From: Davide Libenzi
Date: Wed Jan 14 2004 - 17:47:19 EST


On Wed, 14 Jan 2004, Andrew Morton wrote:

> Davide Libenzi <davidel@xxxxxxxxxxxxxxx> wrote:
> >
> > On Wed, 14 Jan 2004, Jeff Dike wrote:
> >
> > > > I thought your goal was to release memory
> > > > to the host, that's why I proposed sys_madvise(MADV_DONTNEED).
> > >
> > > It is, I want memory released immediately as though it were clean, and
> > > MADV_DONTNEED doesn't help.
> >
> > Strange, I didn't notice this before. If you look at the comment in
> > mm/madvise.c:madvise_dontneed, it advertises that dirty pages are actually
> > thrown away (that would be what you're actually looking for).
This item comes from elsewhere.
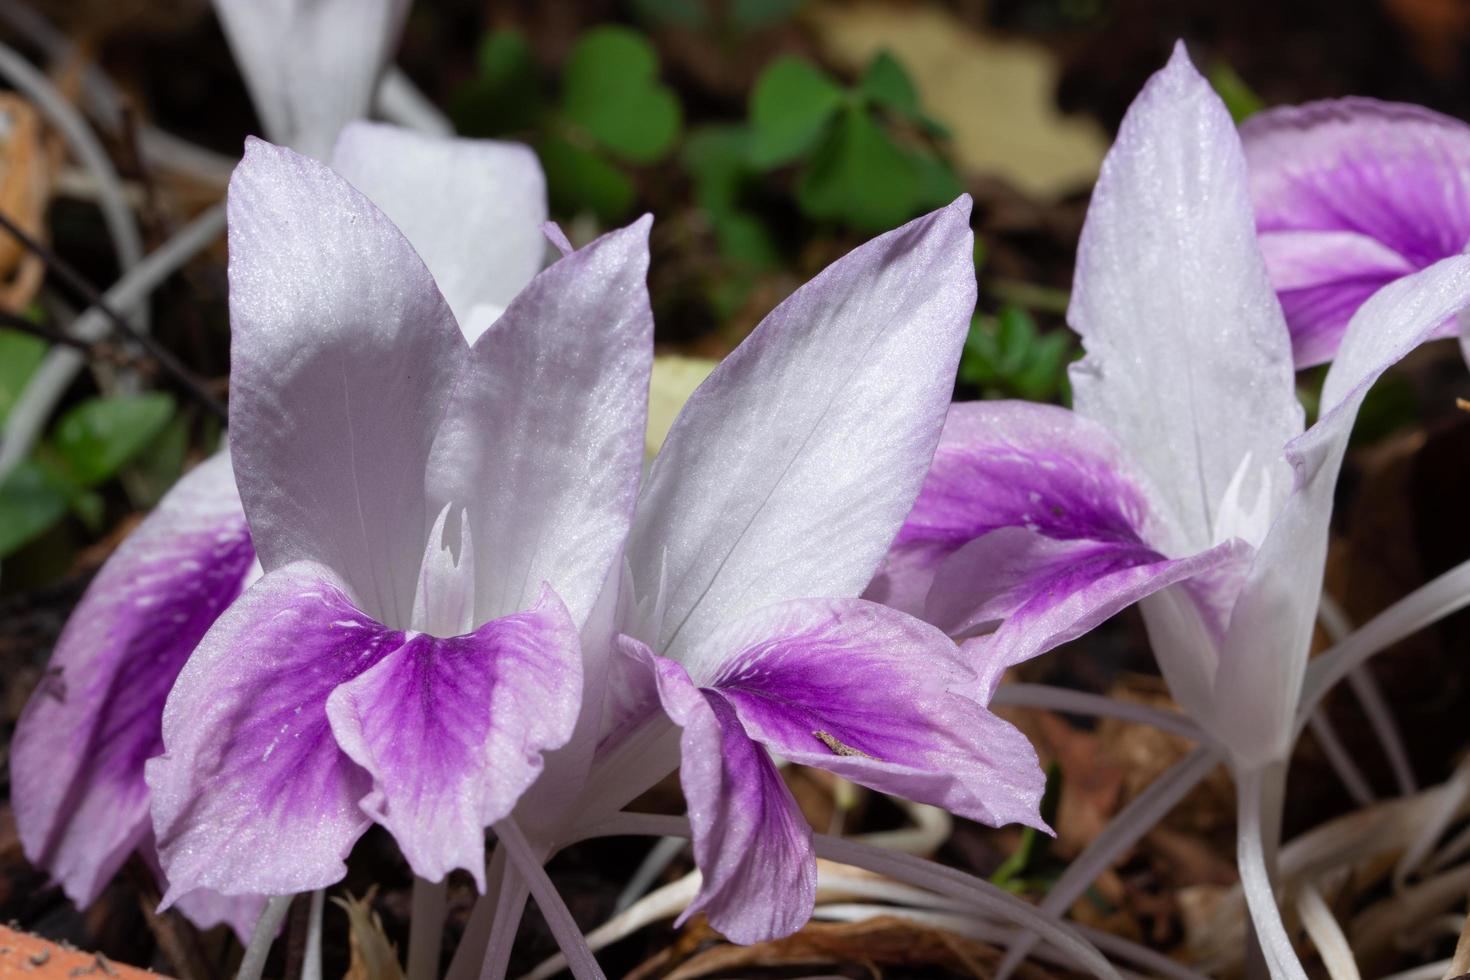 fondo de flor blanca y morada foto

But if you
> > go down to zap_page_range -> unmap_vmas -> unmap_page_range ->
> > zap_pmd_range -> zap_pte_range, if the page is dirty, set_page_dirty ->
> > __set_page_dirty_buffers pushes the page into the mapping dirty pages list
> > and __mark_inode_dirty push the inode inside the superblock dirty list. So
> > the comment seems to be wrong (I also verified this with a simple program,
> > and pages are actually flushed).
> >
>
> We cannot invalidate the pages due to MADV_DONTNEED: there may be
> freshly-allocated, unwritten file blocks associated with them. You'd have
> to be playing games with write() amd MAP_SHARED to do this.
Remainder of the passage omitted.